----- Input for this task
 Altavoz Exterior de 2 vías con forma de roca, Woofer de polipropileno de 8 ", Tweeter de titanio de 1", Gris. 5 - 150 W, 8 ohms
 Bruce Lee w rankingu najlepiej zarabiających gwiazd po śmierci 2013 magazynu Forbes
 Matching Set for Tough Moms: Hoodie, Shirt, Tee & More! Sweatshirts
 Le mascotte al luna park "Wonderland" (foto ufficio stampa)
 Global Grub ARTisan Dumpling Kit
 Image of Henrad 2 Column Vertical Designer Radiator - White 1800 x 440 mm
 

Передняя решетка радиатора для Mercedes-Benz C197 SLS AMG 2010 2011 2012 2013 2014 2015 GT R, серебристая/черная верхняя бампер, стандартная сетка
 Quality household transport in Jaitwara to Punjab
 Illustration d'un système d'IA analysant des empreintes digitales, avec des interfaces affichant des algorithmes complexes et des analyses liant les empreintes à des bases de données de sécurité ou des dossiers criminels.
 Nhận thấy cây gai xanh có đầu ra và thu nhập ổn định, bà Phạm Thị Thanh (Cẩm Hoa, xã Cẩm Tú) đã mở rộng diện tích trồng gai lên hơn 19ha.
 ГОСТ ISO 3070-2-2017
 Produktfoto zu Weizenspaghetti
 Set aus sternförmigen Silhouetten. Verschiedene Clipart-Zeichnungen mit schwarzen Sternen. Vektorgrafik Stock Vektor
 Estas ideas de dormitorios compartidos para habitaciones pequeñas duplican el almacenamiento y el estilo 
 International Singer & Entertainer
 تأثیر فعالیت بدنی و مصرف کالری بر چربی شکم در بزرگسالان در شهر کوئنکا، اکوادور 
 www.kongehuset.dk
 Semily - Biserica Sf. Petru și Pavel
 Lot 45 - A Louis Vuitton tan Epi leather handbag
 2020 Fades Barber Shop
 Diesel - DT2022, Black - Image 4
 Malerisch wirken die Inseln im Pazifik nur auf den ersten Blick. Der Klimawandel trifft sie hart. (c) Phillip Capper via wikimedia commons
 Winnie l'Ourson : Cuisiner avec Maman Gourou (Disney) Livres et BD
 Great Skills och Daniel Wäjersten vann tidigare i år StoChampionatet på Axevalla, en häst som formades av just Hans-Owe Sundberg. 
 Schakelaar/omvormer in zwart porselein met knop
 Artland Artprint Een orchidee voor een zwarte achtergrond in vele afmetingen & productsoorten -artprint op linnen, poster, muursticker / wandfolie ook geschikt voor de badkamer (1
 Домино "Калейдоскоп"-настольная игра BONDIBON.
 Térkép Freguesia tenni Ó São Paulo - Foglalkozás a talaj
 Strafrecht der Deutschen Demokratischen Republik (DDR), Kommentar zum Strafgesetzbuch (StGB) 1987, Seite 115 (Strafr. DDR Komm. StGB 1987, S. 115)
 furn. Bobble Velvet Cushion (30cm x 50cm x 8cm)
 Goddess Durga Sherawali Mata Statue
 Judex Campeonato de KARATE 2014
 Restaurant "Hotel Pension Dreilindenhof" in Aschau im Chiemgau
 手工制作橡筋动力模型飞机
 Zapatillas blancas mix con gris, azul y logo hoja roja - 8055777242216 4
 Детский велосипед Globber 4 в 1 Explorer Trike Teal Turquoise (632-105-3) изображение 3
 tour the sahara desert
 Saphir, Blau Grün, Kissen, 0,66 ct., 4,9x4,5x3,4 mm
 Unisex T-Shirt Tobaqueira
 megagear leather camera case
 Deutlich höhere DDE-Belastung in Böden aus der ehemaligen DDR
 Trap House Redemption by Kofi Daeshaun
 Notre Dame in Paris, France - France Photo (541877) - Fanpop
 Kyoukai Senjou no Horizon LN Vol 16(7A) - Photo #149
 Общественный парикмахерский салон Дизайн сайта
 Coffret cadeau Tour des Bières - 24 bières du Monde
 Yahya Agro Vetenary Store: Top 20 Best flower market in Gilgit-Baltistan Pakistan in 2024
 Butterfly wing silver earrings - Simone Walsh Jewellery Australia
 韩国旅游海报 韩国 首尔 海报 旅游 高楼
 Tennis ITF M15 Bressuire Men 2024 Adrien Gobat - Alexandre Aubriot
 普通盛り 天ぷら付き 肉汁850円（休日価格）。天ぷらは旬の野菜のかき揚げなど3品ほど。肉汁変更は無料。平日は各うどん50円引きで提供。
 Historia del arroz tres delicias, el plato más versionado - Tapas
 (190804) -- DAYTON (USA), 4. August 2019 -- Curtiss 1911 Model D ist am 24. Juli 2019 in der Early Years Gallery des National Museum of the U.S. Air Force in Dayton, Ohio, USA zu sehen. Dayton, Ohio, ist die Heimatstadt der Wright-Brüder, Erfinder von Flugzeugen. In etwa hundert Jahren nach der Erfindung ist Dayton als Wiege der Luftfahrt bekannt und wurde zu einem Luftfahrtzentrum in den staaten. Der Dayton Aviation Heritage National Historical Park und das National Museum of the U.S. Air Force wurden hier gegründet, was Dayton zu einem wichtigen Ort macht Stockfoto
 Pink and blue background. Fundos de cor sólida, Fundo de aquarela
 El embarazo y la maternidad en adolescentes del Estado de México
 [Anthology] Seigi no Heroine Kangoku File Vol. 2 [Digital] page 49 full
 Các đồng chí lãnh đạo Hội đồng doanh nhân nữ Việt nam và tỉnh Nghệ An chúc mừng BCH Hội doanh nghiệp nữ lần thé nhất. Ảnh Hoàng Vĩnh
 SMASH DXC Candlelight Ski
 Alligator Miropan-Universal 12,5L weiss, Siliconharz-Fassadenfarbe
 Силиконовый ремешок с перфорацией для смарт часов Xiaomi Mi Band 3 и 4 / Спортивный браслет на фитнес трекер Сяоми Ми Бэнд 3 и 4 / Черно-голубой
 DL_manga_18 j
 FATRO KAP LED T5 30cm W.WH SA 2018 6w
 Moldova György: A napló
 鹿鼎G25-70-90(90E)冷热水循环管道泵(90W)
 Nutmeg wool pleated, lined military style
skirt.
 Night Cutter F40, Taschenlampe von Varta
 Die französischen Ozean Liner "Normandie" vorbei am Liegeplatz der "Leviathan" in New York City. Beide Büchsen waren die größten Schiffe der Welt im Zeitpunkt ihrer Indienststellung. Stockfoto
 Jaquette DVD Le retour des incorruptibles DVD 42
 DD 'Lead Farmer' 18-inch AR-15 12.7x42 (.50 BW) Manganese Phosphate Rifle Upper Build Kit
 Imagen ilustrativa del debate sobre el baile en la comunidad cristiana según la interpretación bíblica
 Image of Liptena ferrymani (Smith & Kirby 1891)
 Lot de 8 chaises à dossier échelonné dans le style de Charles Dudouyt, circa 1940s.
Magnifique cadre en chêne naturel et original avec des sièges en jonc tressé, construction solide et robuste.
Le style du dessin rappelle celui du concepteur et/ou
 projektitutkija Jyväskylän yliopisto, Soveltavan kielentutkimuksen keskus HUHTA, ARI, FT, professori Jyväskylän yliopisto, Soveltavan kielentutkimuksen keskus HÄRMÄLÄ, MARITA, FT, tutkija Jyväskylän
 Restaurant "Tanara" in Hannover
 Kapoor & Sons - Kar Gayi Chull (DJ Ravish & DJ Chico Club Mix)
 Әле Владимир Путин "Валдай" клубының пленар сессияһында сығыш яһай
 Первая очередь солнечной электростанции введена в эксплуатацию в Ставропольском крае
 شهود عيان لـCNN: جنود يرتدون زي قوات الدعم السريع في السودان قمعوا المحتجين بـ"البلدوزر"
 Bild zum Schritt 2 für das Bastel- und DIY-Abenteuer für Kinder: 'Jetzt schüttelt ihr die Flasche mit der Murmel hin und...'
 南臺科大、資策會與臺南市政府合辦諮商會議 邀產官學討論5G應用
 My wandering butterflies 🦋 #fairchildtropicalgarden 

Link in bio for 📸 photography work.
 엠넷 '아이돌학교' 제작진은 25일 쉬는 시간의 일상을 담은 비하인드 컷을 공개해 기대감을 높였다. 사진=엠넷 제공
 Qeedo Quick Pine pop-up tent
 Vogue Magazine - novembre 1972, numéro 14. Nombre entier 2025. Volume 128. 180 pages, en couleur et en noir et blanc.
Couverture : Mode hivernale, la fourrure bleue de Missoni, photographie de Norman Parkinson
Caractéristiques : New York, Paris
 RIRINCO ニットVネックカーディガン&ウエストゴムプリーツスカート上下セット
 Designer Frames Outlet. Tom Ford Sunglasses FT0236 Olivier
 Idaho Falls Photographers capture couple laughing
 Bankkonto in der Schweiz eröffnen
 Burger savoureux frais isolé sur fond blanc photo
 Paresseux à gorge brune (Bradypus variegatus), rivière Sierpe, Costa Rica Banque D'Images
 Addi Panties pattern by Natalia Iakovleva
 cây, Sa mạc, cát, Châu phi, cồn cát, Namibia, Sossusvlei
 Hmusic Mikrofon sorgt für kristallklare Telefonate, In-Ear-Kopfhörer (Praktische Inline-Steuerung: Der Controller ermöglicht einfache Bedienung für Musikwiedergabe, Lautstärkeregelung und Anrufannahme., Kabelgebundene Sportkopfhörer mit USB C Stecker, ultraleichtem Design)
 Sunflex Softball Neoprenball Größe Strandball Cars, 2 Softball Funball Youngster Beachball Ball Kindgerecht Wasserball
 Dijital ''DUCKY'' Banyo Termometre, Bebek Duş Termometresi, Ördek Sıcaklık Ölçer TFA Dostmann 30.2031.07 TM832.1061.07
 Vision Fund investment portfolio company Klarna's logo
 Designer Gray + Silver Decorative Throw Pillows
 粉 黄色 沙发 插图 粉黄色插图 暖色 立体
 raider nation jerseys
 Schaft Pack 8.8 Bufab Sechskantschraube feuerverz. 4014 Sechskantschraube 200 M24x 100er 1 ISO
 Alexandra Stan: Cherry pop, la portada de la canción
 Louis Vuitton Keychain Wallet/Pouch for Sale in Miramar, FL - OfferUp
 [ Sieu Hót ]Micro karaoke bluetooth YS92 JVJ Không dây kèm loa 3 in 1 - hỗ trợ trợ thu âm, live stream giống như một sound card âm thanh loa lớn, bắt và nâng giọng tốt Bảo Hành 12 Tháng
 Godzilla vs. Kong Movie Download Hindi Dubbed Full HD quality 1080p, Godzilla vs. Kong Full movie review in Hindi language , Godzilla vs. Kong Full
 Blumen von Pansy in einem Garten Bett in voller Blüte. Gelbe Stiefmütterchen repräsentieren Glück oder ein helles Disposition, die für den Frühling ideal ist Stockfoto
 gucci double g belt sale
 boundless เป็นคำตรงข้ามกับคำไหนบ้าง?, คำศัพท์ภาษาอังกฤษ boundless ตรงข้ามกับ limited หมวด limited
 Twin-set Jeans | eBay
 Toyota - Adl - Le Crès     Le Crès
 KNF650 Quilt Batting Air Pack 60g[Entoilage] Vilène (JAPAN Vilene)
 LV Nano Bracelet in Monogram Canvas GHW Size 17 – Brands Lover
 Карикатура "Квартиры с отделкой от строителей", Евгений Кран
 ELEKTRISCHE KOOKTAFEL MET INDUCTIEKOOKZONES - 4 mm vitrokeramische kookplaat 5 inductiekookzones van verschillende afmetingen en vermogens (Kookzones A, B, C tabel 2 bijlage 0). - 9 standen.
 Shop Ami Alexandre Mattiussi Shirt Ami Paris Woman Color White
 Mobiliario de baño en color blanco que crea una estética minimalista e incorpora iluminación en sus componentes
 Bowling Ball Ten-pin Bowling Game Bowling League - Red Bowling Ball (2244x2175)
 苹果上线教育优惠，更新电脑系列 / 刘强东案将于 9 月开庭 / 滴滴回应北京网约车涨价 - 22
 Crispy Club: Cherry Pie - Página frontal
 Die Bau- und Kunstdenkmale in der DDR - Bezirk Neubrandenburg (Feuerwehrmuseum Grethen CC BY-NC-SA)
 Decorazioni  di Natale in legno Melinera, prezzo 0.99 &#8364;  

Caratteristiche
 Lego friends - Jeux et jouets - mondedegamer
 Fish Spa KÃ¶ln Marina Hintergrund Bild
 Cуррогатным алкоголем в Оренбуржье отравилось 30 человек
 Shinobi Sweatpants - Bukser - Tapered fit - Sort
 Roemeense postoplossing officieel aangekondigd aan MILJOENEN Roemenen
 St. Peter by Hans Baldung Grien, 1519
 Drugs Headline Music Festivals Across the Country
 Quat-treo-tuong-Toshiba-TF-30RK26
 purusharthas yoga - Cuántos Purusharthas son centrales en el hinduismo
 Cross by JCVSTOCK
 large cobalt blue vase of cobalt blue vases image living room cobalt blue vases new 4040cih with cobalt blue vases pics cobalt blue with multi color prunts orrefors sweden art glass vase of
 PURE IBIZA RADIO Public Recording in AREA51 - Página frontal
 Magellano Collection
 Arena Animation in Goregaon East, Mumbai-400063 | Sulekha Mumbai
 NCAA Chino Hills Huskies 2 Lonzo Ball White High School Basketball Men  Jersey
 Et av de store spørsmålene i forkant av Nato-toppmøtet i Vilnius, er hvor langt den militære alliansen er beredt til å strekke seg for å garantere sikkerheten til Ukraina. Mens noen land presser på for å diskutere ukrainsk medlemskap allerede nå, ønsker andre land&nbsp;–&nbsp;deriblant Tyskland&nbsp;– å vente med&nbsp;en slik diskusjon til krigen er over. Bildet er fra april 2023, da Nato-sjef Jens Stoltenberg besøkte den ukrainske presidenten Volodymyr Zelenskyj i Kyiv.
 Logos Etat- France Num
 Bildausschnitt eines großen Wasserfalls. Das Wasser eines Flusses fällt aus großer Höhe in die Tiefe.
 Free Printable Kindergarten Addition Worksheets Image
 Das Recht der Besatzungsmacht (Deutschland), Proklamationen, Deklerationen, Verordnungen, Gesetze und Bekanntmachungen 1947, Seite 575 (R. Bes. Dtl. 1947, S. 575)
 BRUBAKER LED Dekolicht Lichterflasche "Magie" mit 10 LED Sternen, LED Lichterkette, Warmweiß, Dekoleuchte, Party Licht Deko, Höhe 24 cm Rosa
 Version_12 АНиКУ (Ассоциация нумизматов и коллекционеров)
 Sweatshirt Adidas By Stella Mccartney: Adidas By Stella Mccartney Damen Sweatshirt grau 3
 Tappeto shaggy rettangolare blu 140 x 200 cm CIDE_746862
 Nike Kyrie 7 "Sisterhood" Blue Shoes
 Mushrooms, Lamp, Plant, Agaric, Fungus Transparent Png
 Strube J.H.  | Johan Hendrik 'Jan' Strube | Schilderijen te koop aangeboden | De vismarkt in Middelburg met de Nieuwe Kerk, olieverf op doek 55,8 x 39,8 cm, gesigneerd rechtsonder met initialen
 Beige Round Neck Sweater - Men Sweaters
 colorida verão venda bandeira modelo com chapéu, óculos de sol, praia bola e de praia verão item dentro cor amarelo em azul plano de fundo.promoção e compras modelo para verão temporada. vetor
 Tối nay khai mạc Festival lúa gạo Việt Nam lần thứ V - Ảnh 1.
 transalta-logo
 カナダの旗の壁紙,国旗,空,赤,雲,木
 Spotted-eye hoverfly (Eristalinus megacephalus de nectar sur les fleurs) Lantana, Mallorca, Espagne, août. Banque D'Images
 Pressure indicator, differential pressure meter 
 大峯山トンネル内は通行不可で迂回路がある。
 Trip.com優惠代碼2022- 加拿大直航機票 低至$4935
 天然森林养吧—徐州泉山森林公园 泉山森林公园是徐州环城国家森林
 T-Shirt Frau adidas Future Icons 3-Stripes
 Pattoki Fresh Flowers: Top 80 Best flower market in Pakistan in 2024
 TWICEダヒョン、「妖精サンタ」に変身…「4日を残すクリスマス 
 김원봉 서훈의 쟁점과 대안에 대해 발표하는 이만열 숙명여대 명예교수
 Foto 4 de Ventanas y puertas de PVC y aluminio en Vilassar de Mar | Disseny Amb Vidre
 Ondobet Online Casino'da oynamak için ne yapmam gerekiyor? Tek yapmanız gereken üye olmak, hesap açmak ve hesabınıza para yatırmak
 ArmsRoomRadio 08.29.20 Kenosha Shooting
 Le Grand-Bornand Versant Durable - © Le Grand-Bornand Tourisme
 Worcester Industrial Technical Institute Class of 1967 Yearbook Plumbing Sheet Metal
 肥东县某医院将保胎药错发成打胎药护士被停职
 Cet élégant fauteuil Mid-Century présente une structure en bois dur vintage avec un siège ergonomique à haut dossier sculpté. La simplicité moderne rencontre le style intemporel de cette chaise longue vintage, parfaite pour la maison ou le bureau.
----------
▶ Work item: Output only an exact transcription of the lines above from the one with "DL_manga_18 j" up to and including the one with "projektitutkija Jyväskylän yliopisto, Soveltavan".

▶ Answer space:
 DL_manga_18 j
 FATRO KAP LED T5 30cm W.WH SA 2018 6w
 Moldova György: A napló
 鹿鼎G25-70-90(90E)冷热水循环管道泵(90W)
 Nutmeg wool pleated, lined military style
skirt.
 Night Cutter F40, Taschenlampe von Varta
 Die französischen Ozean Liner "Normandie" vorbei am Liegeplatz der "Leviathan" in New York City. Beide Büchsen waren die größten Schiffe der Welt im Zeitpunkt ihrer Indienststellung. Stockfoto
 Jaquette DVD Le retour des incorruptibles DVD 42
 DD 'Lead Farmer' 18-inch AR-15 12.7x42 (.50 BW) Manganese Phosphate Rifle Upper Build Kit
 Imagen ilustrativa del debate sobre el baile en la comunidad cristiana según la interpretación bíblica
 Image of Liptena ferrymani (Smith & Kirby 1891)
 Lot de 8 chaises à dossier échelonné dans le style de Charles Dudouyt, circa 1940s.
Magnifique cadre en chêne naturel et original avec des sièges en jonc tressé, construction solide et robuste.
Le style du dessin rappelle celui du concepteur et/ou
 projektitutkija Jyväskylän yliopisto, Soveltavan kielentutkimuksen keskus HUHTA, ARI, FT, professori Jyväskylän yliopisto, Soveltavan kielentutkimuksen keskus HÄRMÄLÄ, MARITA, FT, tutkija Jyväskylän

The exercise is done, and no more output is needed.